### EXERCISE REQUIREMENTS
Copy exactly the lines of the material below that fall between the line with "Adaptation Strategies for" and the line with "Waterfront wooden house", both of those lines included; pictures stay out.

### THE DATA
- - - - - - -

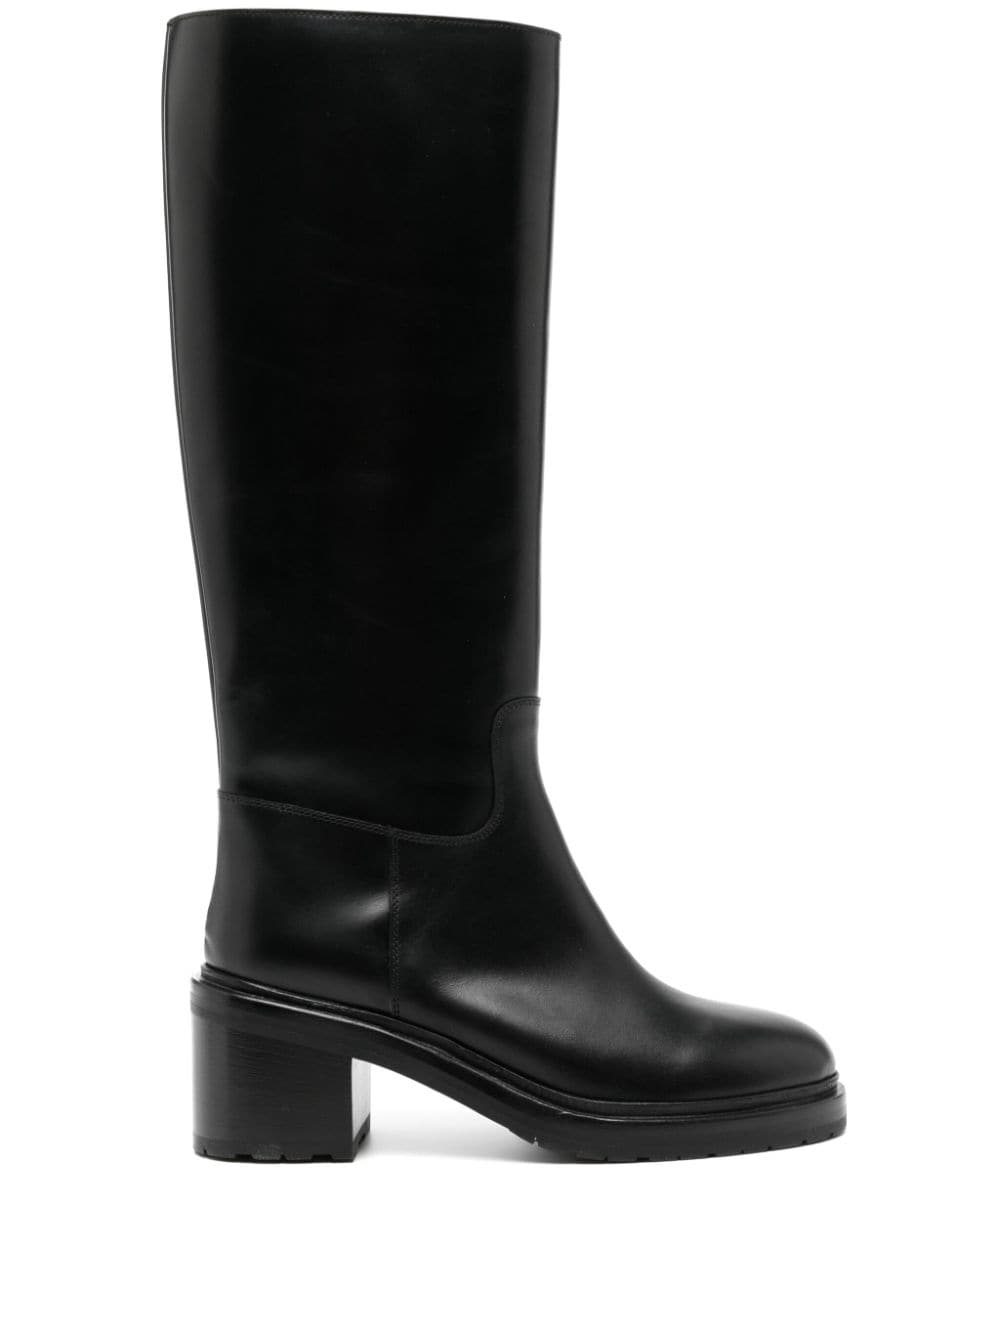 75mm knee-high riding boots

- - - - - - -

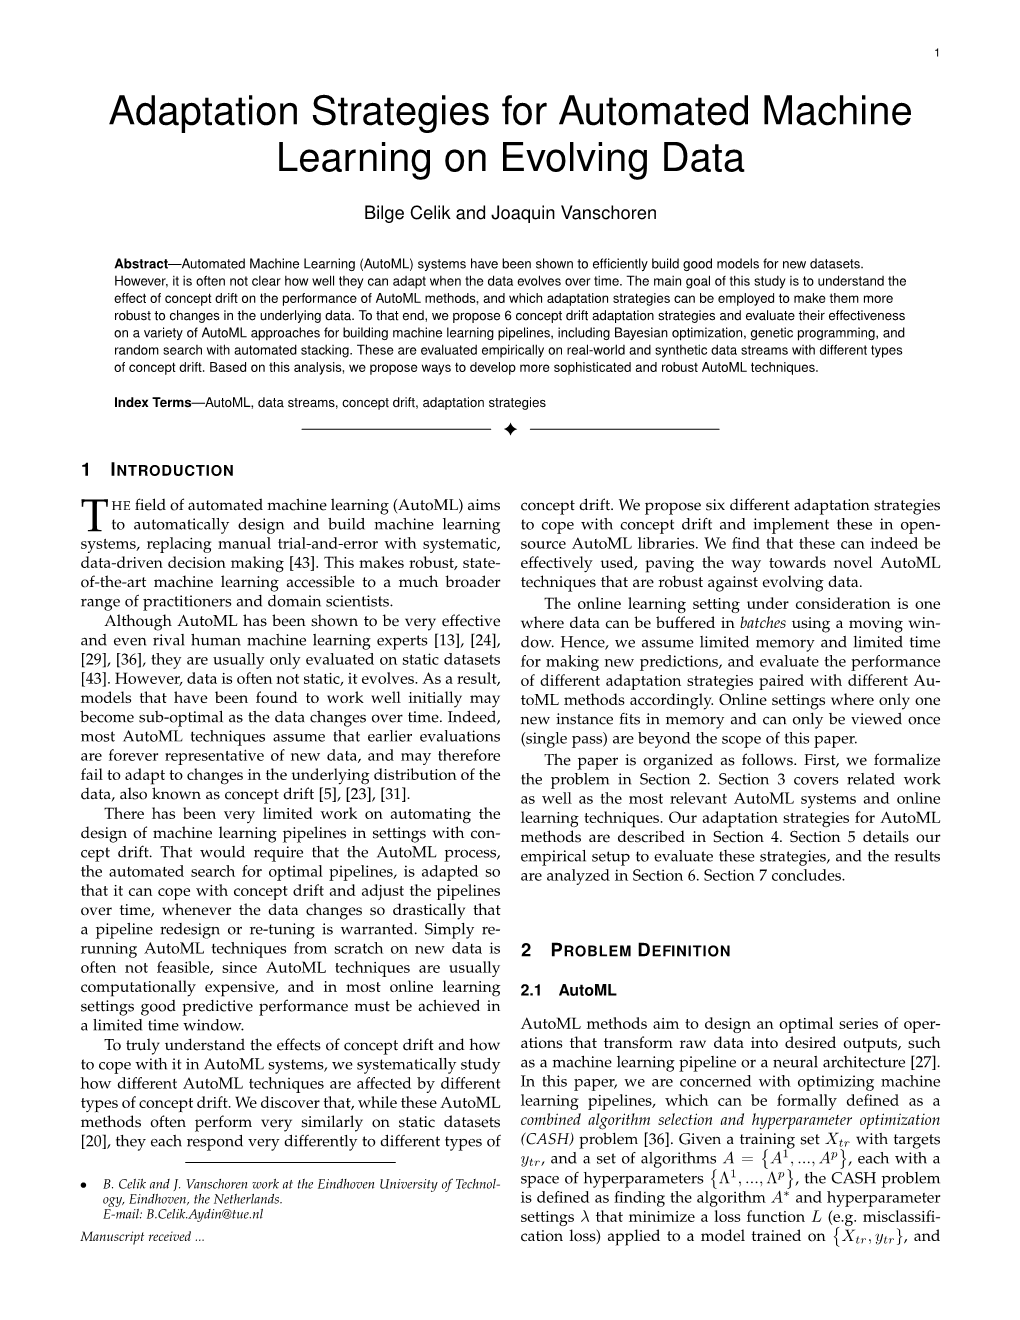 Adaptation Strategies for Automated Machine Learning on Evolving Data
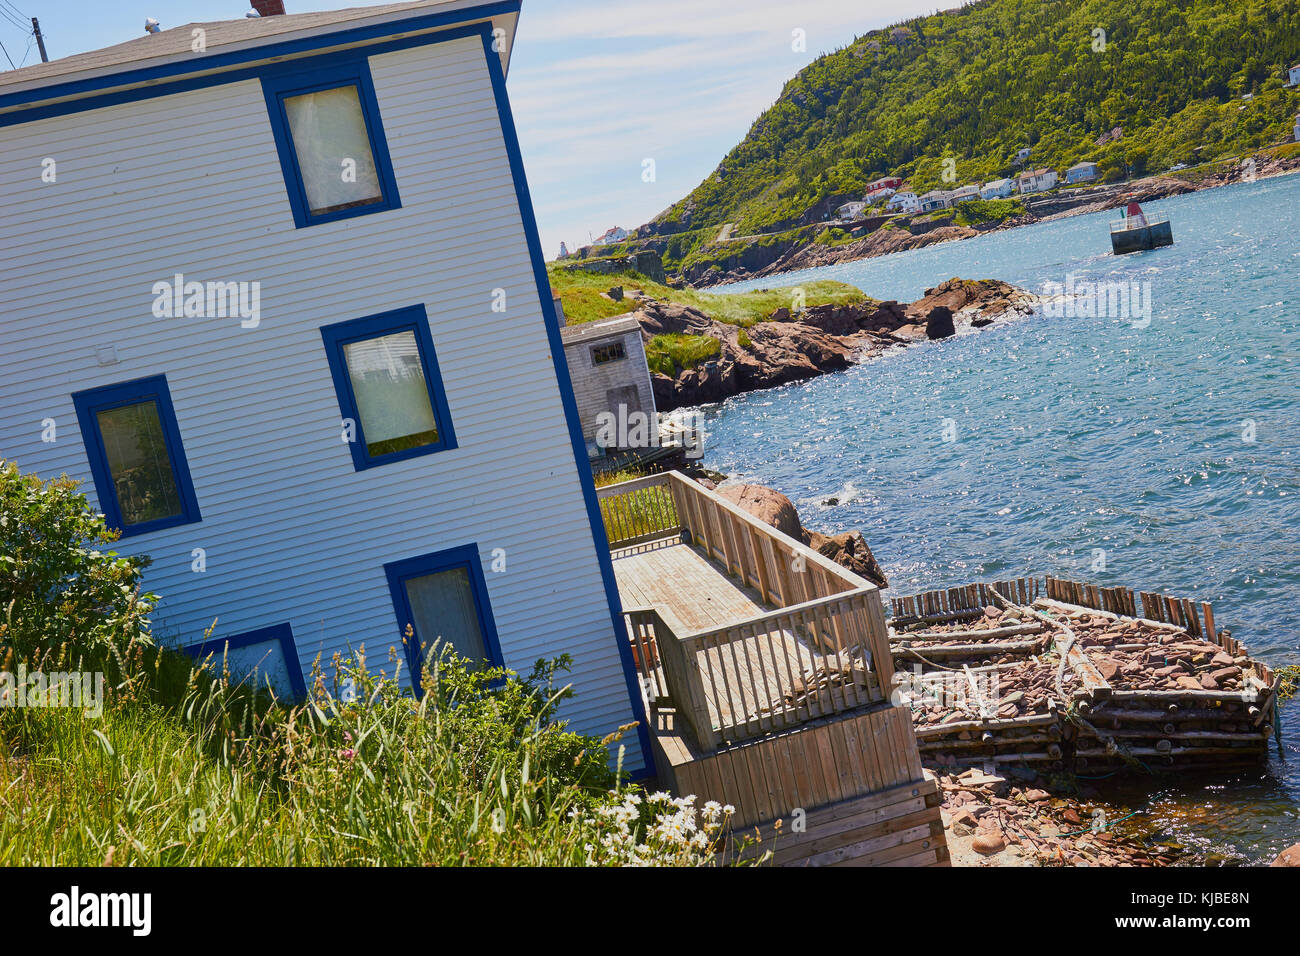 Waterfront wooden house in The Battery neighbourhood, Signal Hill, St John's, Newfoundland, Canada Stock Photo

- - - - - - -

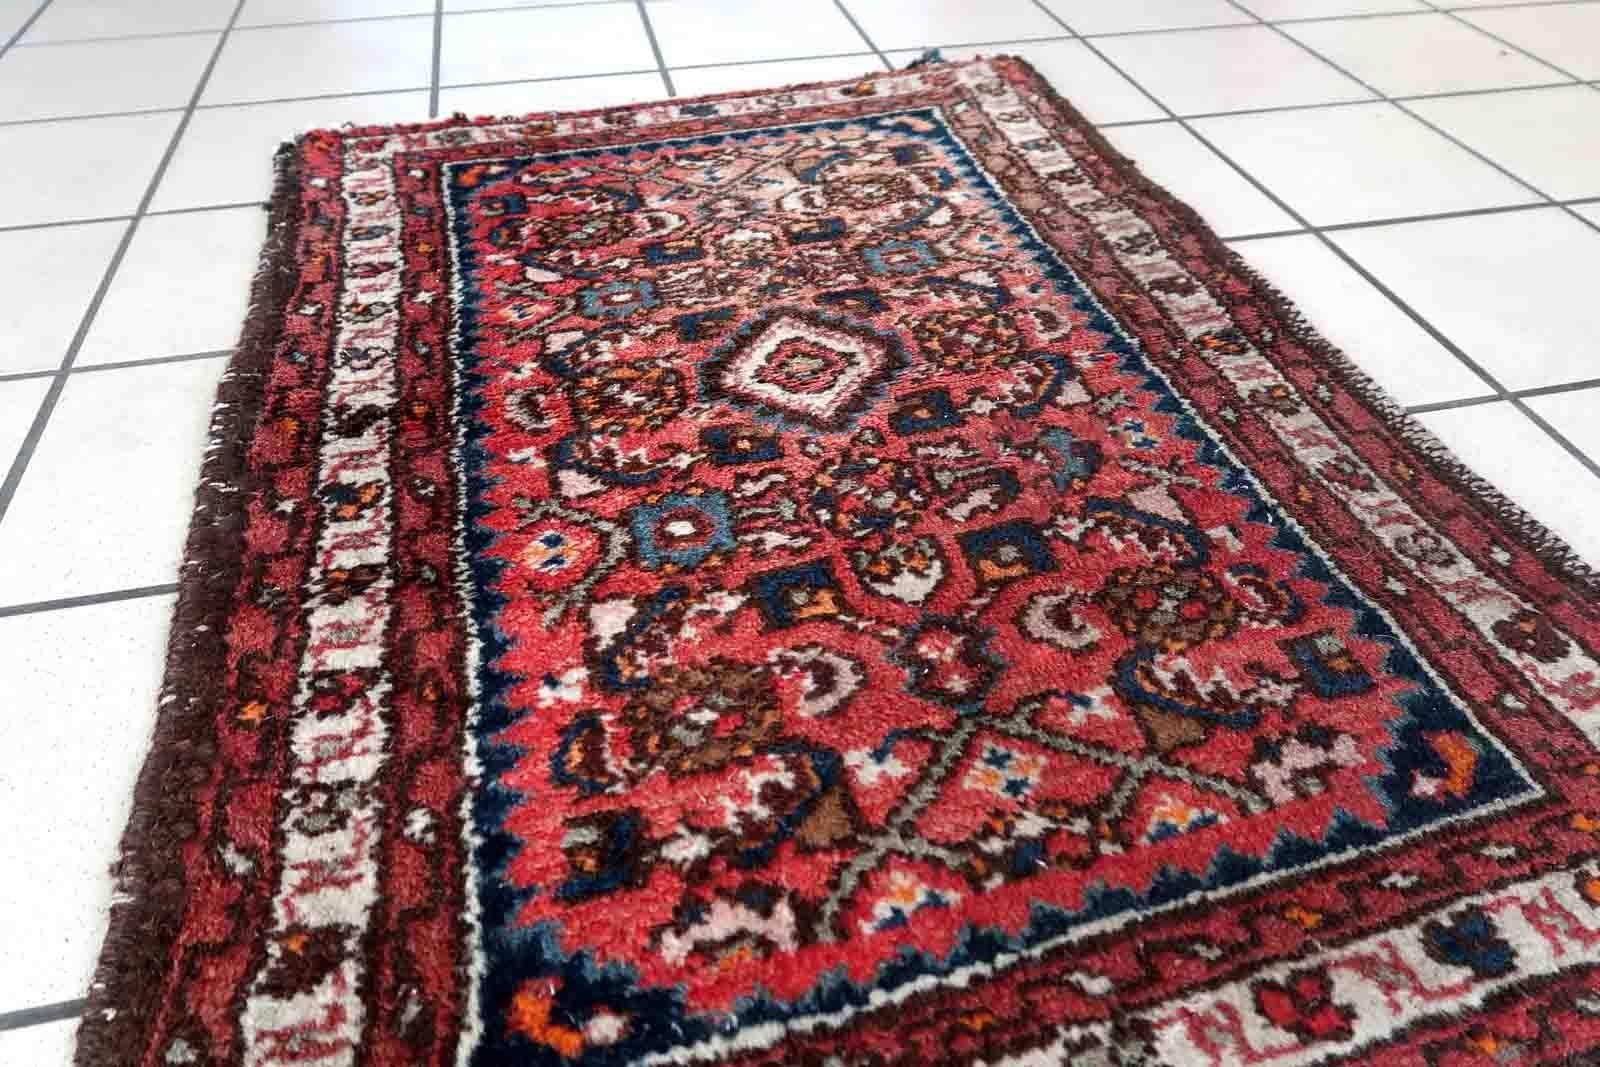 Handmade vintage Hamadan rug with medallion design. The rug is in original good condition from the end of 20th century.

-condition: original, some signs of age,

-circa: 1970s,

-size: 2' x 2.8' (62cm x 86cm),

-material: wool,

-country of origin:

- - - - - - -

### WRITTEN ANSWER
 Adaptation Strategies for Automated Machine Learning on Evolving Data
 Waterfront wooden house in The Battery neighbourhood, Signal Hill, St John's, Newfoundland, Canada Stock Photo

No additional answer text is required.